So to understand why witch hunt actually makes sense as a term, you must first
look at the real witch hunts that happened. These happened at a time and place
where witchcraft was "known" to be real. Of course there weren't witches, but
everyone then thought there were, so effectively hunting for witches was a
valid thing to do.

At the time, they also didn't know lots of other things, so if a person falls
sick, or a cow dies, or a house burns down, scientific evidence based
explanations were not so easy to come by. However witches were "known" to
curse people, and a curse causes misfortune.
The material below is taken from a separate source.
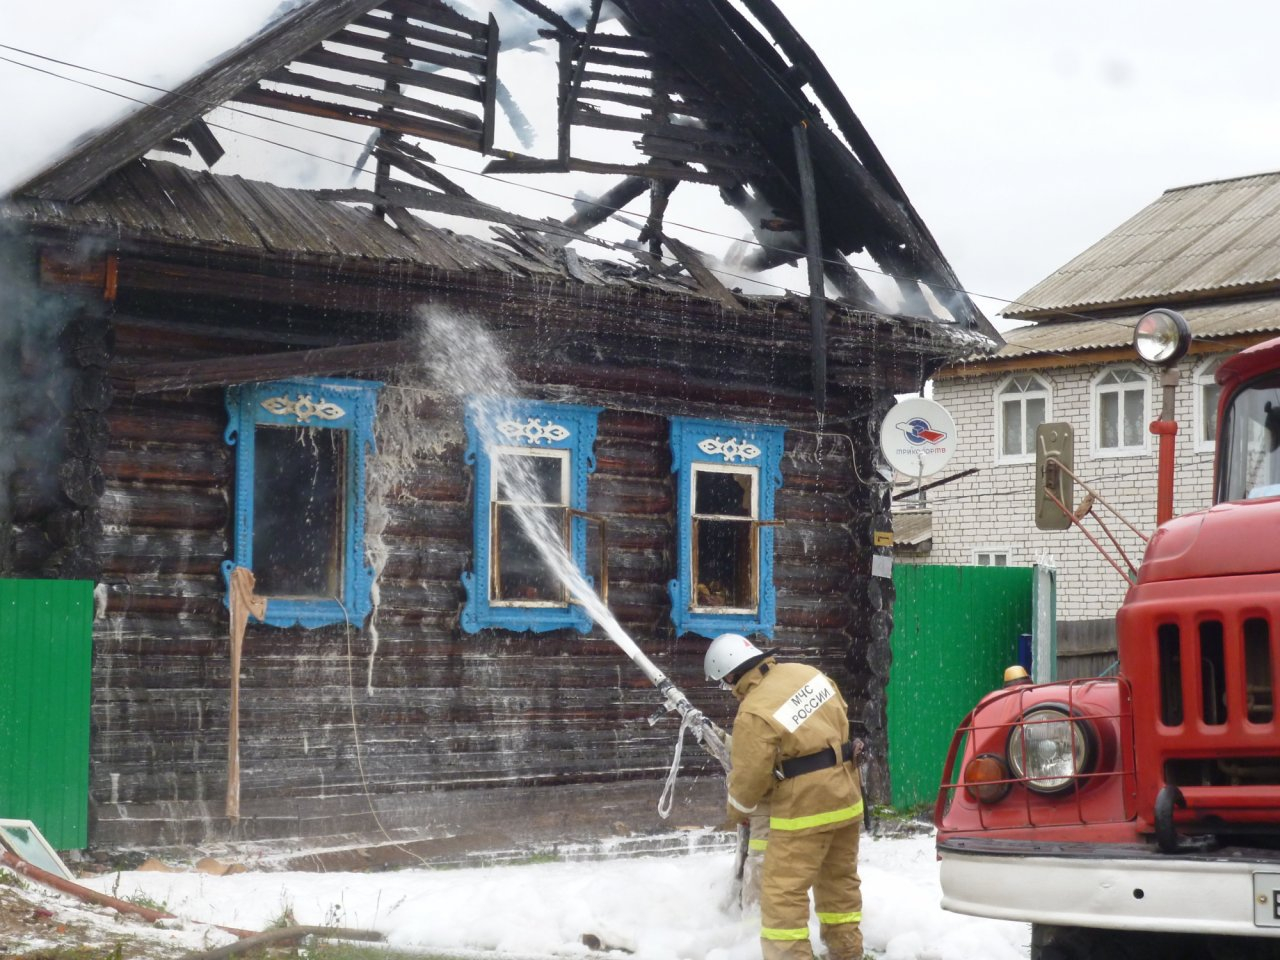 В Медведевском районе Марий Эл сгорел частный дом: есть пострадавший

So what would happen is a random person would decide to pay back a grudge, or
look good to his fellow citizens or whatever, and accuse some 3rd party of
witchcraft, for something like giving the evil eye, or dancing, or whatever.
This would lead to a burning, and everyone would be happy again. Most of the
time anyway. Sometimes, a series of unfortunate events would be construed as a
major witch, or a whole coven of witches. Then everyone would go crazy, true
beleivers would be terrified, ambitious social climbers would be accusing all
their enemies of witchcraft, and so on. There would be attempts by authorities
to get to the bottom of it, and many witches would be found. Mass burnings
ensued, and eventually everyone would calm down and be happy again.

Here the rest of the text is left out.